TOKYO, June 20 (Reuters) - A gauge of global stock markets edged near this year's peak while benchmark U.S. Treasury yields and the dollar dropped after the Federal Reserve signalled possible interest rate cuts later this year.

MSCI's broadest index of Asia-Pacific shares outside Japan rose 0.2% while Japan's Nikkei gained 0.5%.

The MSCI ACWI, which incorporates readings of 49 equity markets across the world, gained 0.2%, having recovered a large part of its losses made after U.S. President Donald Trump threatened new tariffs on all of China's imports last month.

Signs that China and the United States are returning to the negotiating table after a six-week hiatus also bolstered risk sentiment.

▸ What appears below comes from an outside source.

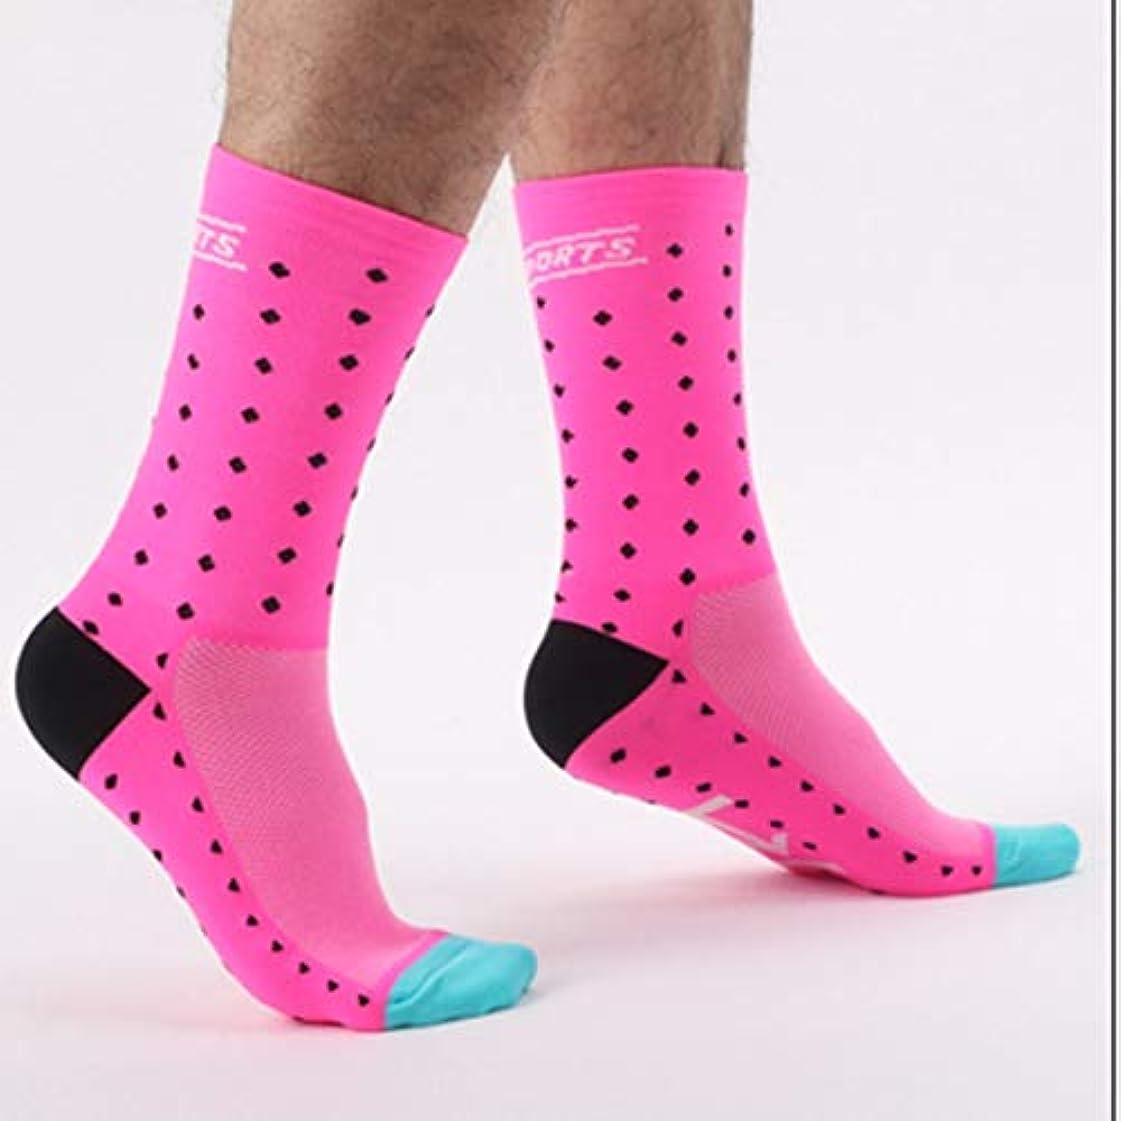 ごみグレード謙虚なDH04快適なファッショナブルな屋外サイクリングソックス男性女性プロの通気性スポーツソックスバスケットボールソックス - ピンク

The rally in stocks comes as a host of Asian central banks are scheduled to hold policy meetings later in the day, with most expected to flag moves toward looser monetary settings.

On Wall Street, the S&P 500 gained 0.3% to 2,926, just 19 points off its record closing high hit on April 30.

The U.S. Federal Reserve said on Wednesday it was ready to battle growing global and domestic economic risks with interest rate cuts beginning as early as next month, as it took stock of rising trade tensions and growing concerns about weak inflation.

The bulk of Fed policymakers slashed their rate outlook for the rest of the year by roughly half a percentage point, and Fed Chairman Jerome Powell said others agree the case for lower rates is building.

Many investors viewed the overall tone as more dovish than their expectations, sending the 10-year U.S. Treasuries yield to as low as 1.986%, its lowest level since November 2016.

The two-year yield fell to 1.721%, a level last seen in November 2017.

Money market derivatives, such as Fed funds futures and overnight indexed swaps, are fully pricing in a rate cut of 25 basis points at next policy review on July 30-31, with about one-third chance of a bigger 50 basis point cut.

A total of 75 basis point reduction is priced in by the end of year.

However, such aggressive rate cuts when the stock prices are so close to record peaks would be rare, if not unprecedented, making some investors nervous about whether the Fed may be over-reacting.

"It seems the Fed is getting ahead of risk and doing whatever it takes to avoid downside implications due to a potential slowdown," said Robin Anderson, senior global economist at Principal Global Investors in Des Moines, Iowa in the United States. "However, in the event inflation picks backs up, I'm apprehensive the Fed could be behind the curve if rates do in fact get cut too soon."